Заходя в класс, пришлось извиниться за опоздание. Совсем небольшая плата за то, чтобы воспользоваться Интернетом без очереди.
Выйдя на «Рамбюто», я обнаружила уже знакомый мне Центр Помпиду. Фу, как неинтересно! Надо было попросить Энтони встретиться в каком-нибудь таком месте, где я еще не была. Неужели мы снова пойдем в негритянский район?
— Добрый день, Элизабет!
— Энтони!
Он оказался таким же, как на фотографии, — светловолосым, не очень похожим на француза, но симпатичным. Мы взялись за руки и пошли гулять.
— Вообще-то меня зовут Антони, — улыбнулся парень. — Родители назвали меня на английский манер, но это английское имя читается по-французски!

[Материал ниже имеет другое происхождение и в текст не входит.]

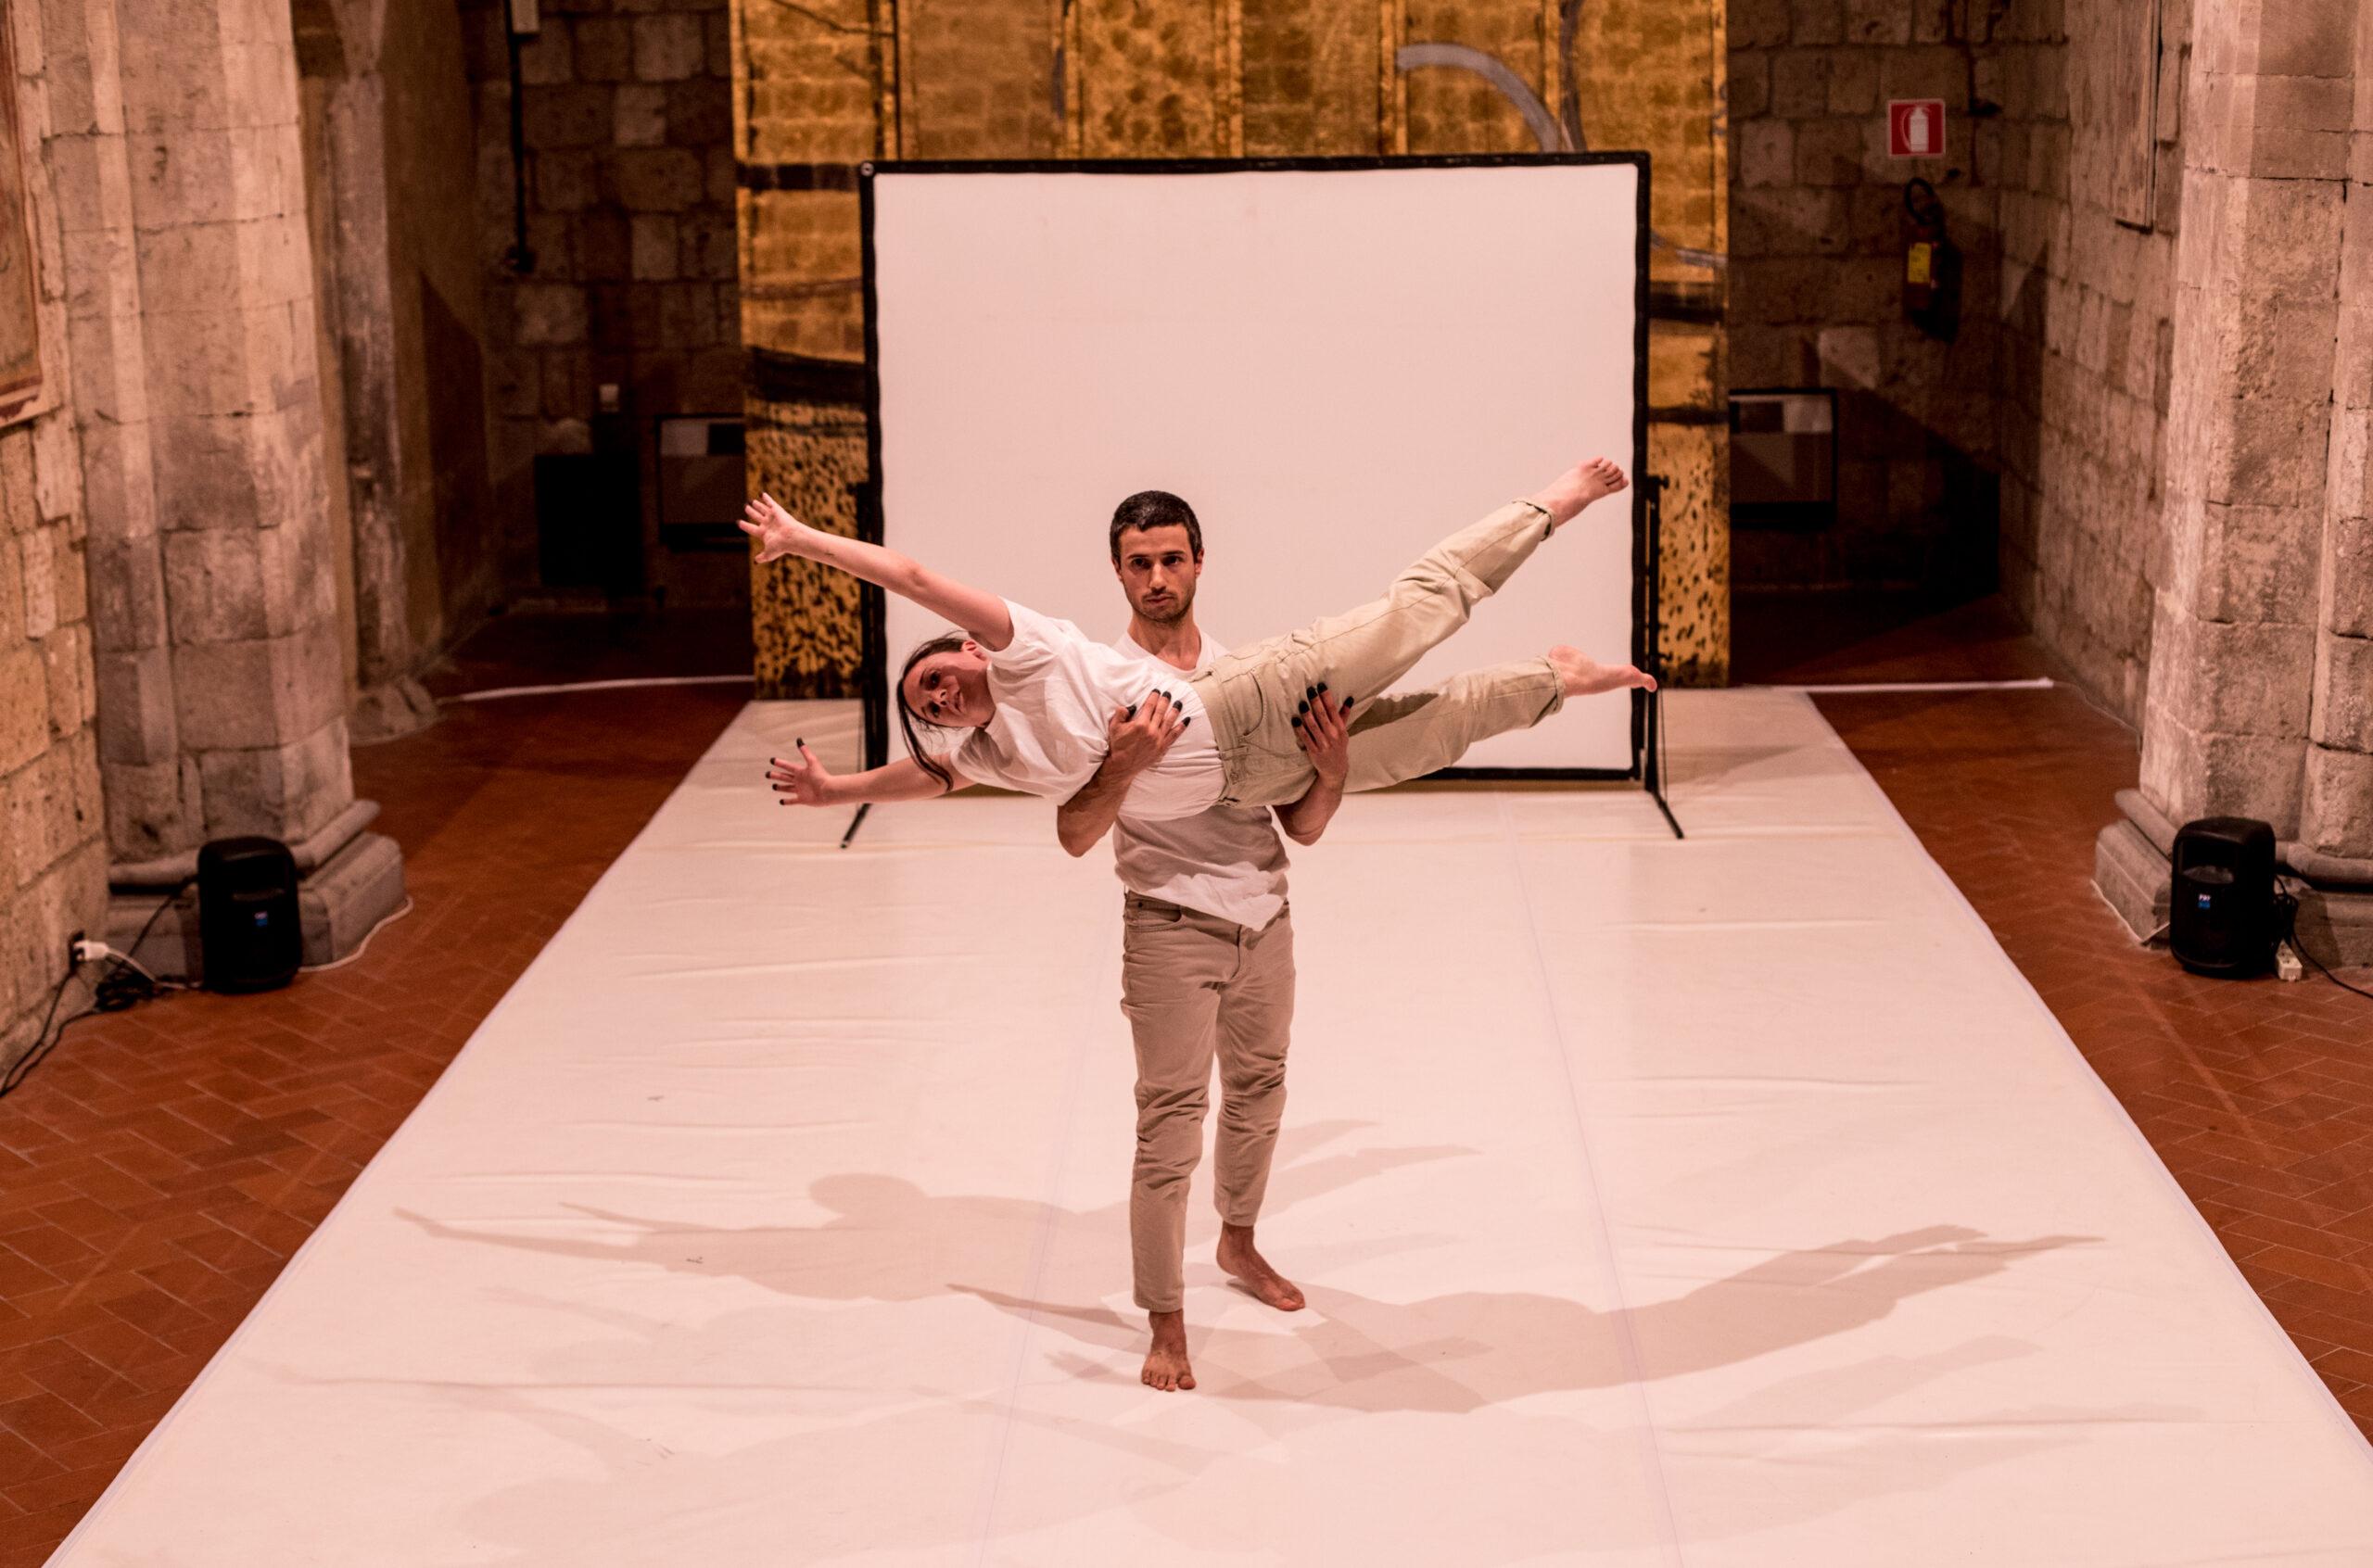 Chiara Taviani e Henrique Furtado P. Vieira - Stand Still You Ever-Moving Spheres of Heaven

— Как сложно. Можно я буду называть тебя просто Антошка?
— Как? Антошка?? — с трудом выговорил француз.
— Да. Это на русский манер.
— Забавно! Тогда я буду называть тебя Бабетта. Знаешь, фильм такой старинный был — «Бабетта идет на войну»? С Брижит Бардо.

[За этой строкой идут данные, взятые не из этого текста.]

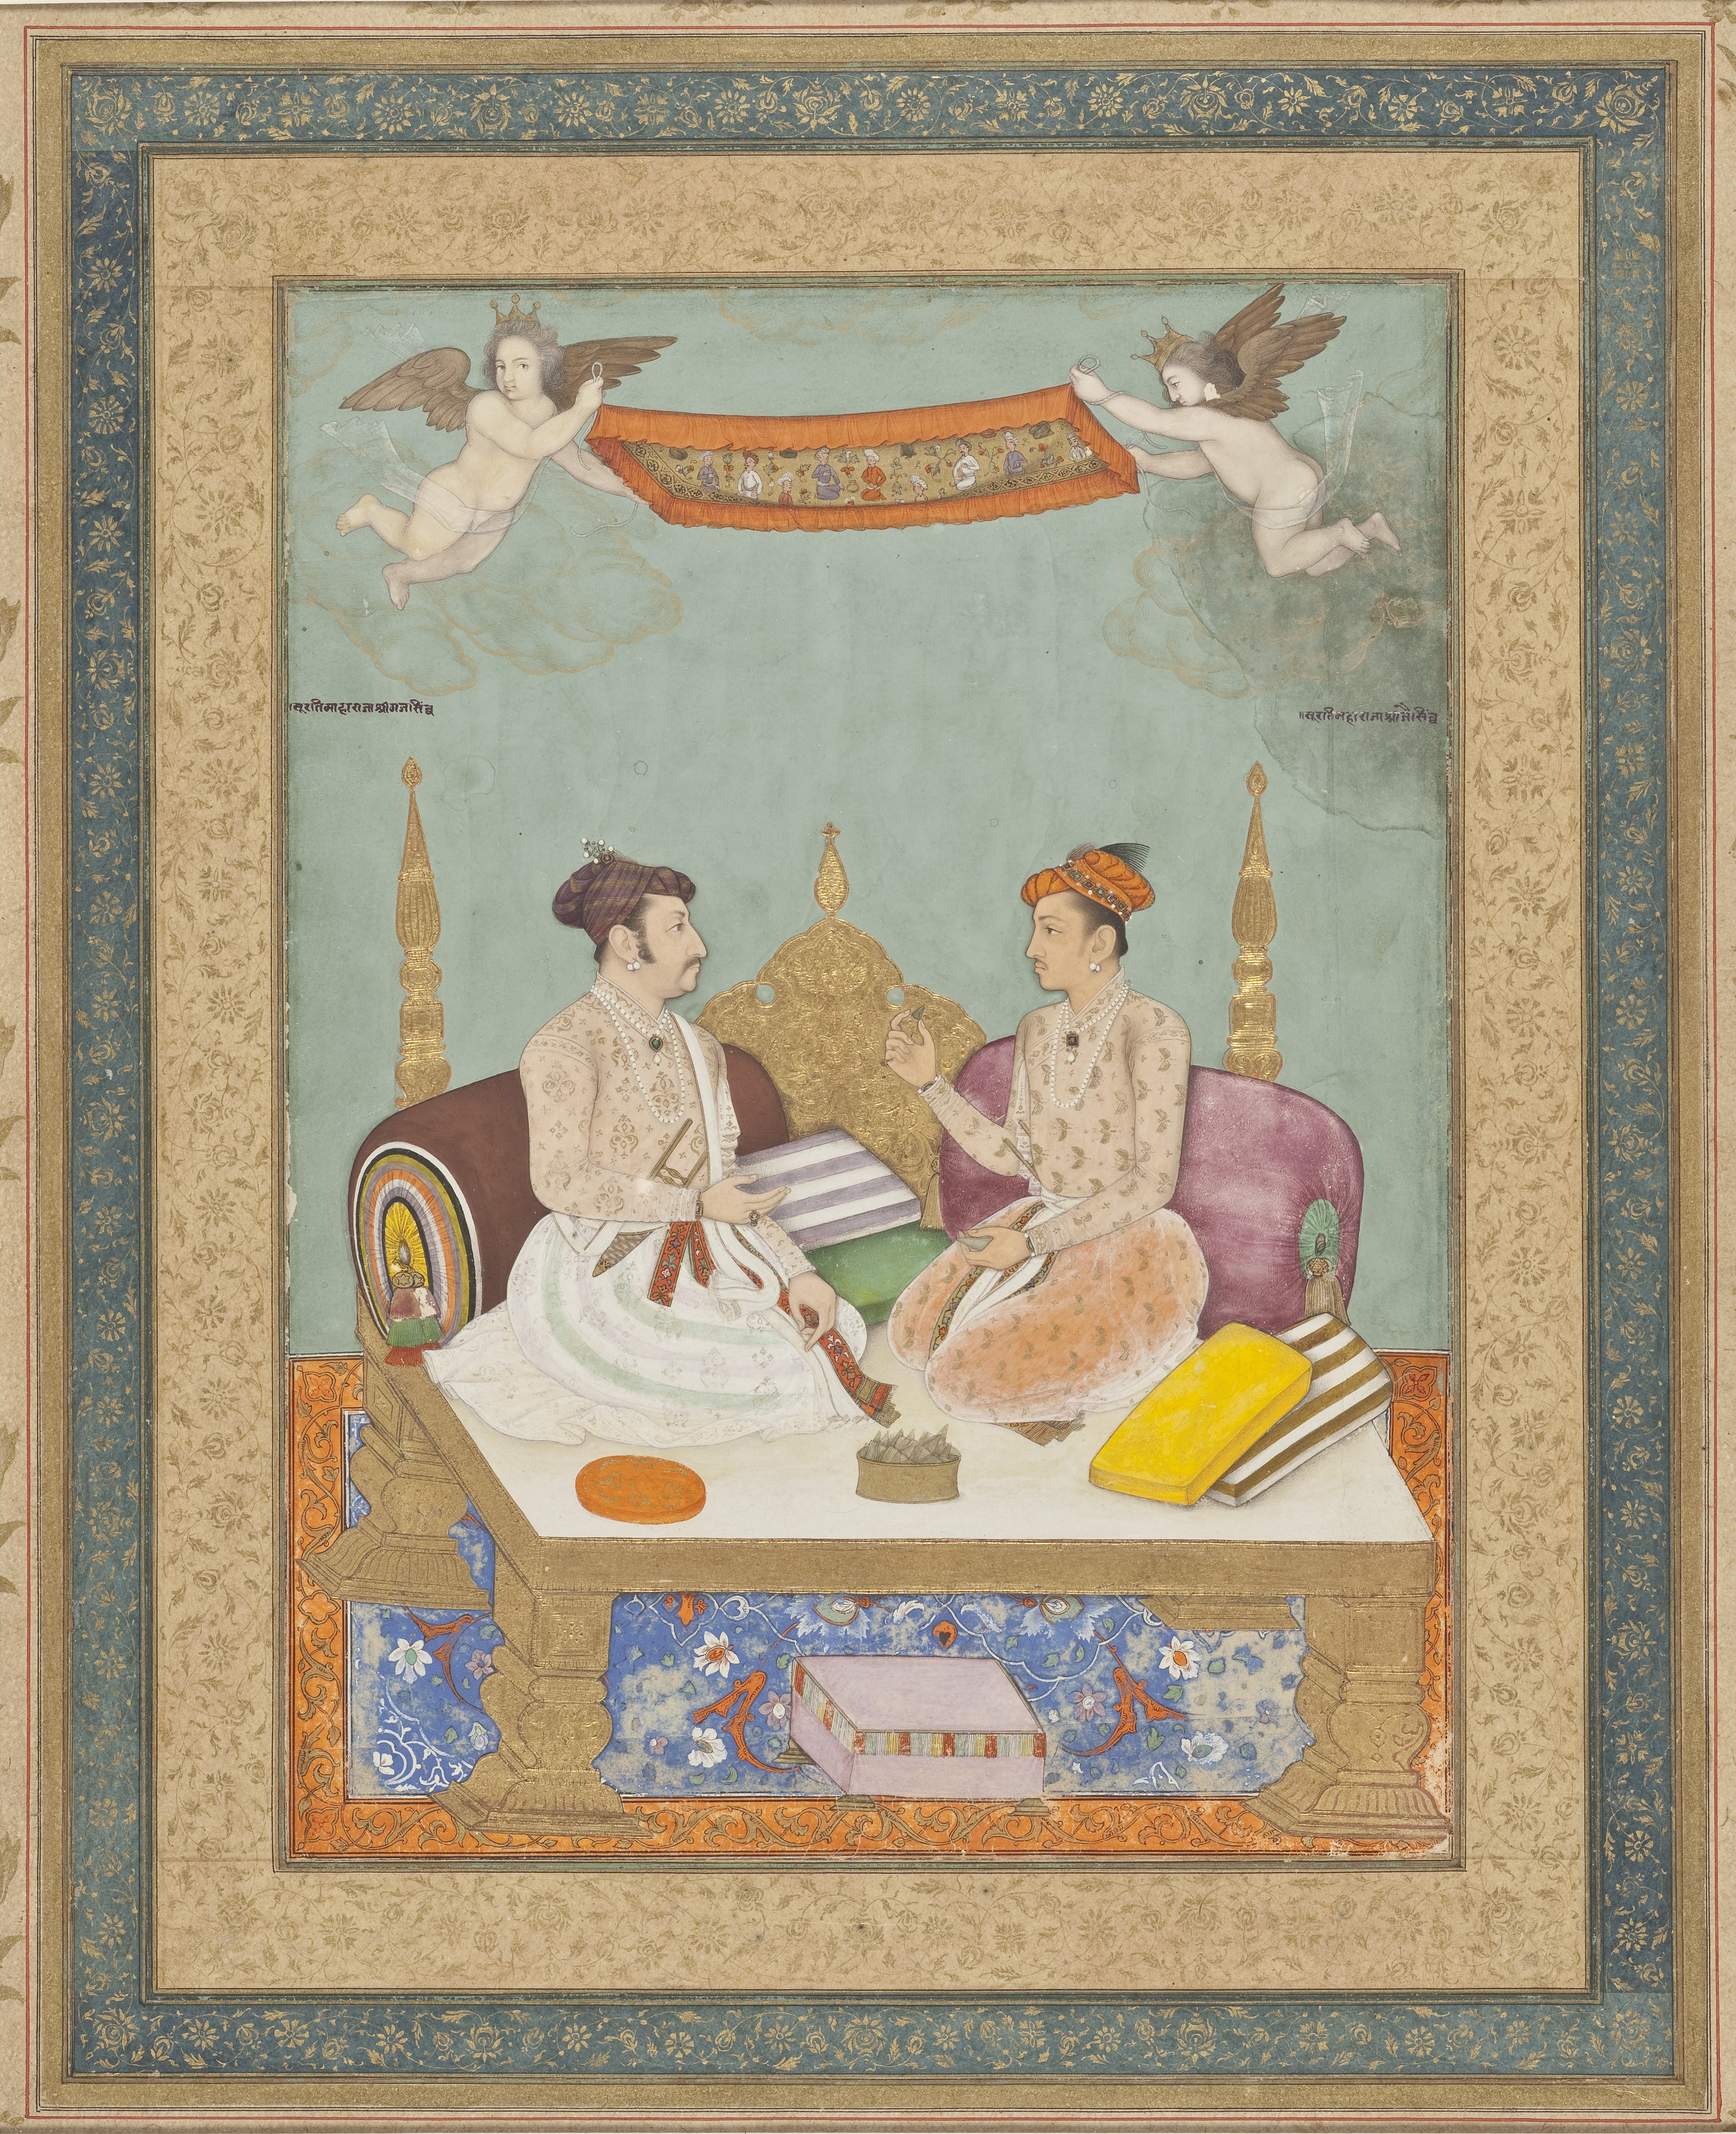 Indian erotic literature

Я не знала. Но это было совершенно неважно. Похоже, Антошка был именно тем, кто мне нужен! Он был воспитанным, интеллигентным, учился на адвоката. А кроме того, оказался хорошим экскурсоводом.
— Я уже была там, — сказала я, когда парень решил рассказать мне про Центр Помпиду. — Там, за ним, негритянский квартал.
— Да, верно. Тут вокруг полно разных общин. Если идти вон туда, — Антони показал рукой, — там, в районе улицы Гравилье, будет китайский квартал. А вон там, где улица Розье, — еврейский.
— Мне хотелось бы увидеть квартал французов. Есть тут хоть один такой?
Антошка рассмеялся:
— В наши дни его придется поискать. Но мне кажется, квартал, где мы находимся, — это как раз то, что ты ищешь.
— А что это за квартал?
— Марэ.
— Марэ? — удивилась я.
По-французски ведь «марэ» значит «болото»!
— Да, Марэ, — сказал Антошка. — В Средние века, когда это была еще окраина города или вообще пригород, здесь действительно находилось болото. Знаешь, кто его осушил? Монахи из ордена тамплиеров. Вы в России слышали про таких?
Тамплиеры… Само слово показалось мне знакомым. Оно ассоциировалось с какими-то тайнами, заговорами, интригами… кажется, даже с черной магией. И еще — с романами Дэна Брауна.
— Я смотрю, американская культура и до вас дошла, — улыбнулся Антошка, когда я выложила ему свои соображения. — Впрочем, нет. Зря я обвиняю американцев. Это ведь не они, а наш король Филипп Красивый придумал легенду о том, что тамплиеры якобы служат дьяволу. Видишь ли, в определенный момент этот орден стал слишком влиятельным и богатым. Начал вмешиваться в политику, мог конкурировать с королем — и королю это не понравилось. В пятницу, тринадцатого октября тысяча триста седьмого года, все тамплиеры были арестованы по приказу Филиппа — отсюда и пошли суеверия, связанные с этой датой. Последовал громкий судебный процесс, на котором тамплиеров очерняли как только могли. В конце концов все они были казнены. Последним погиб Жак де Моле — глава ордена. На эшафоте он проклял Филиппа и весь его род.
— Ничего себе!
— Да. Неизвестно, поэтому или нет, но Филипп вскоре умер, и его династия прервалась. А о тамплиерах в этом районе напоминает многое. Сейчас мы пройдем мимо старой улицы Тампль. А вон там, подальше, есть бульвар Тампль. Вообще, Тампль — это принадлежавшая ордену крепость. При Наполеоне ее срыли, и сейчас в том месте сквер.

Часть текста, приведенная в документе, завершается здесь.